Now she fights to provide a better life for her own grown children, while they struggle for a future that seems unlikely ever to fulfil their mother’s hopes and dreams. But a change in fortune suddenly seems possible when a handsome and mysterious young visitor arrives without warning. The Glass Menagerie, Tennessee Williams’ semi-autobiographical evocation of loneliness and lost love, is one of his most powerful and moving plays; an unforgettable American classic.
Under the direction of Artistic Associate Shannon Rush, this production will feature Ksenja Logos (The Dictionary of Lost Words and Gaslight) as Amanda and Kathyrn Adams (Antigone, Single Asian Female and Welcome to Your New Life) as Laura.
Director: Shannon Rush / Set and Costume Designer: Mark Thompson / Lighting Designer: Gavin Norris / Starring: Kathryn Adams, Ksenja Logos.
GREAT AUSTRALIAN BITES
By Piri Eddy, Anthony Nocera, Sarah Peters, Alex Vickery-Howe, Nicola Watson, Alexis West
Various dates between 23 Nov - 7 Dec
Odeon Theatre
A festival of new South Australian plays.
Across November and December, Great Australian Bites is a festival of never-performed-before works.
These new plays will be rehearsed over several days and read script-in-hand on the Odeon Theatre stage!
TRIGGERED by Alex Vickery-Howe
An idealistic journalist is forced to confront his politics, his morals and his tribe when his savage takedown of a stand-up comedian leads to an onstage shooting. A black comedy about the cancel culture age.
SPARE A THOUGHT FOR JANA WENDT by Nicola Watson
Three old friends reunite for a weekend away at an Airbnb, only to discover that they are not the only people occupying the house in this black comedy.

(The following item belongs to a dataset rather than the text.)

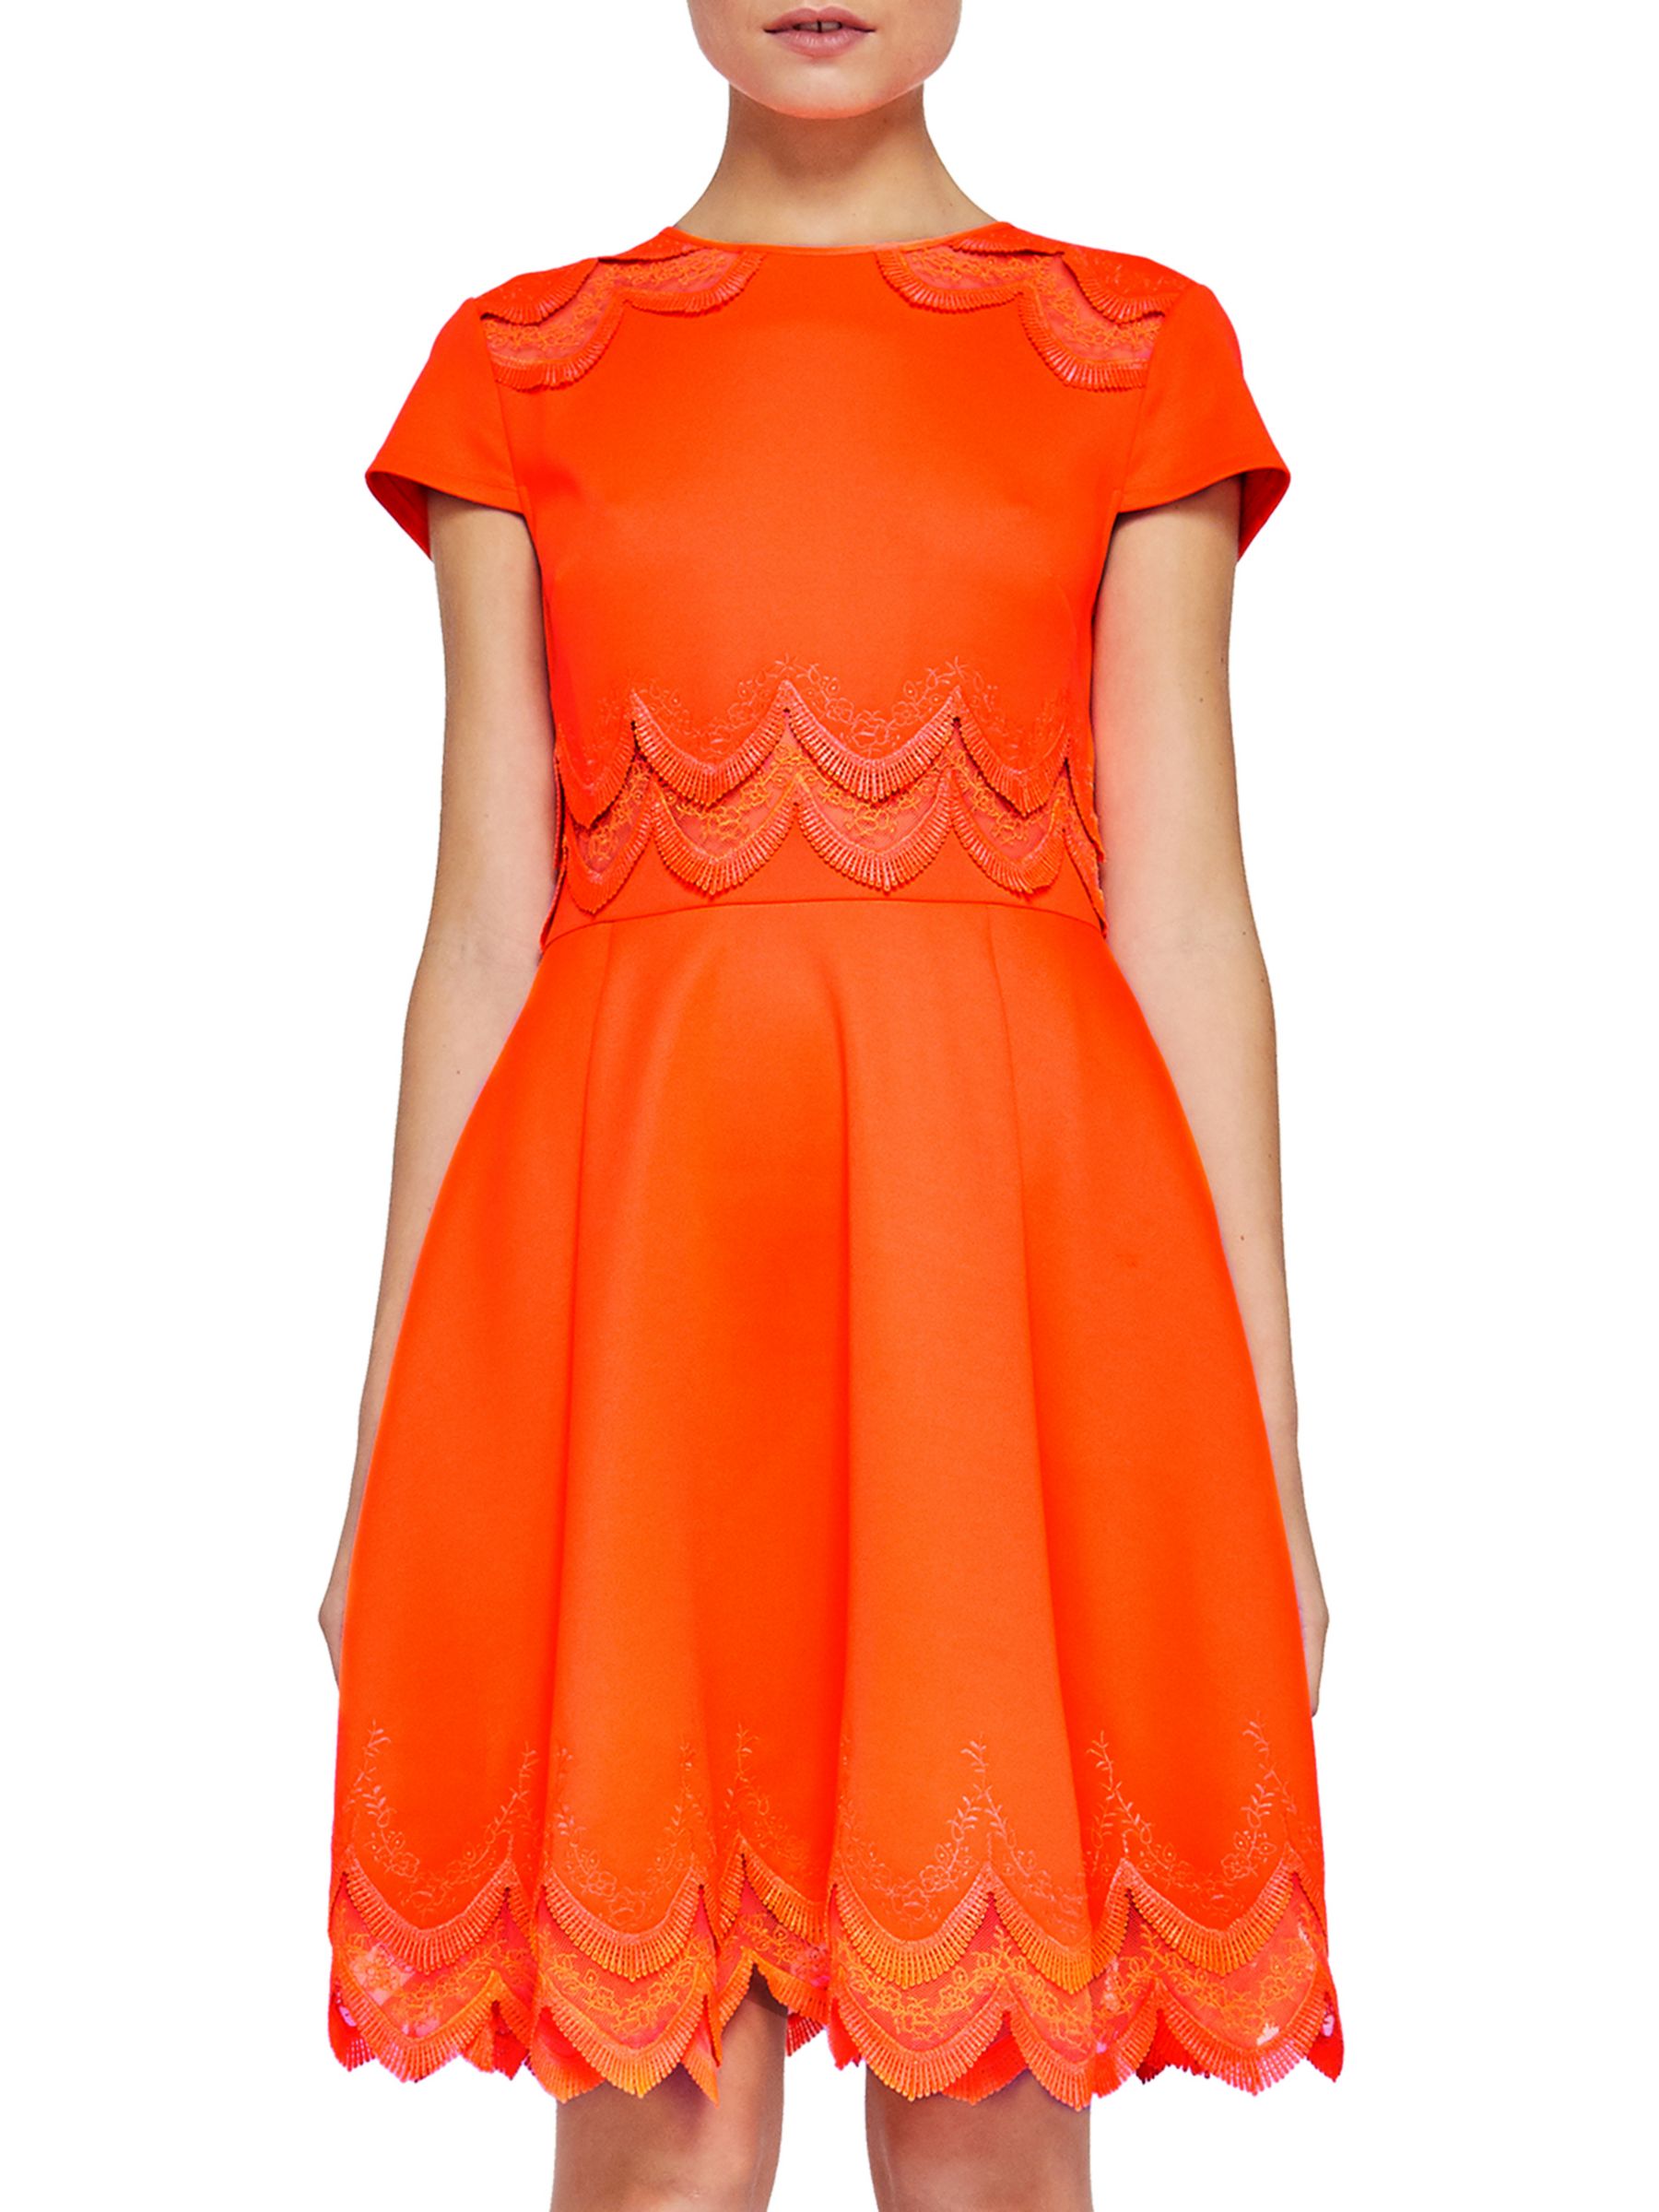 ted baker orange dress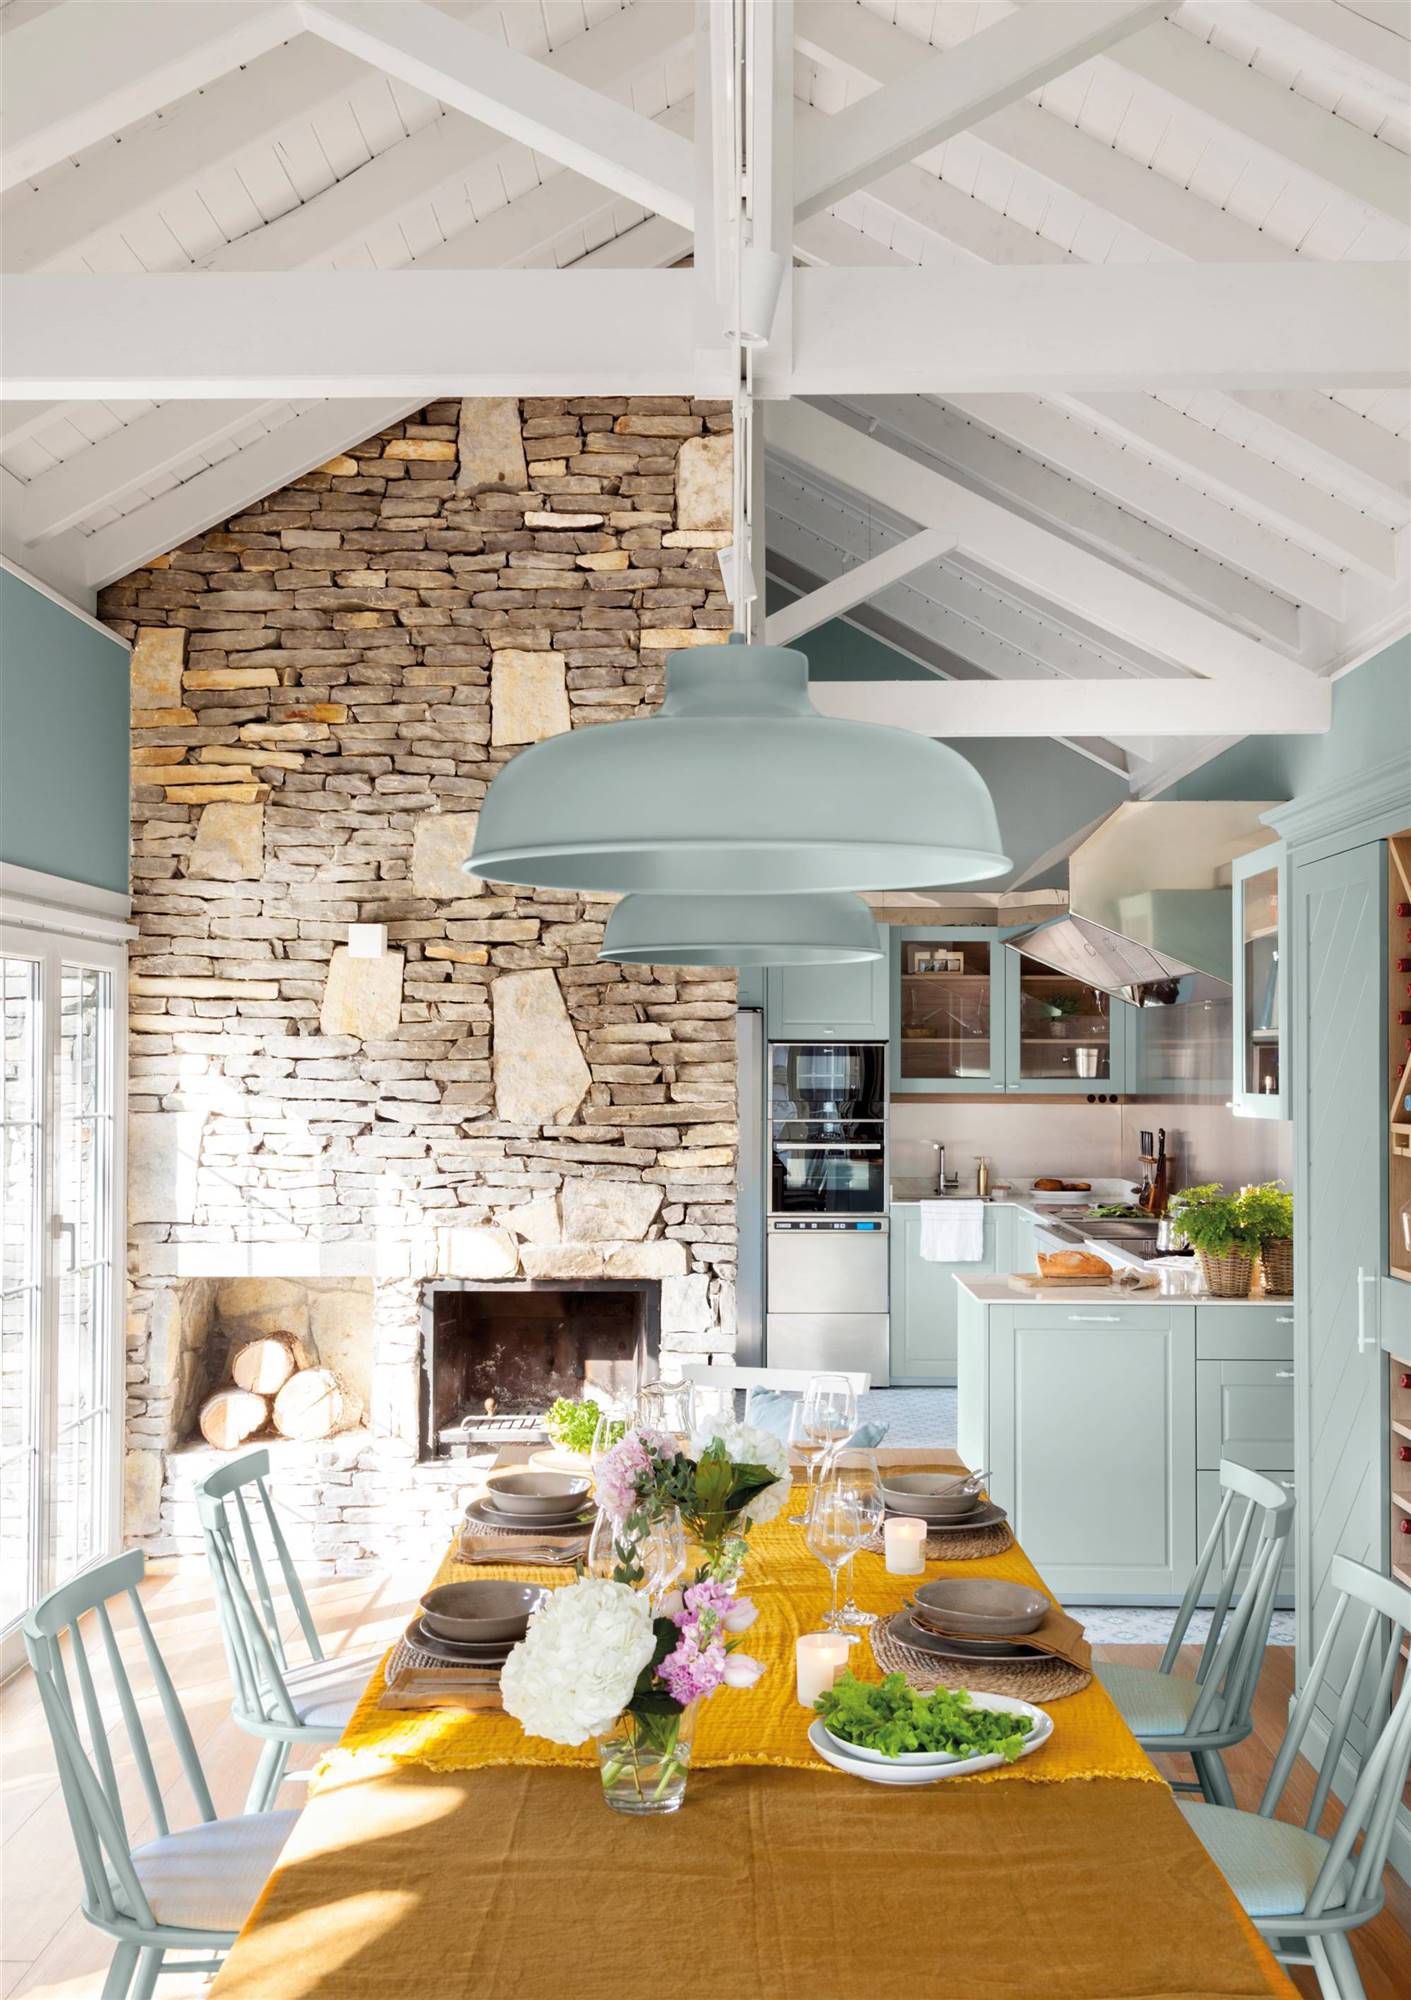 Cómo decorar una cocina azul.

CULTURE SLAP by Alexis West
A theatricalized adventure following a Black woman stomping, tripping and fumbling her way through the often treacherous, healing process of protocol. You get it wrong culturally - you’re gonna get a Culture Slap!
LOST SOCKS AND POLKA DOTS by Sarah Peters
Based on interviews with people living and working in residential aged care and their families, a one-person verbatim play about ageing, care, and the memories we keep of the people we love.
THE SPOIL by Pirie Eddy
When a nascent pathogen wreaks ecological havoc on the planet’s arable soil, the world’s food security is plunged into chaos. Working alone on her family’s old farm, a gifted biologist sifts through thousands and thousands of seeds - and the memories of her family - in search of something that might grow.
LOG BOY by Anthony Nocera
Based on a lived experience of grief, Log Boy sees two generations of gay men come face-to-face with the ghosts of their past before they lay their friend to rest. A cut-throat horror comedy about contemporary gay life that’s a little bit Scream, a little bit The Boys in the Band and a little bit Cruising.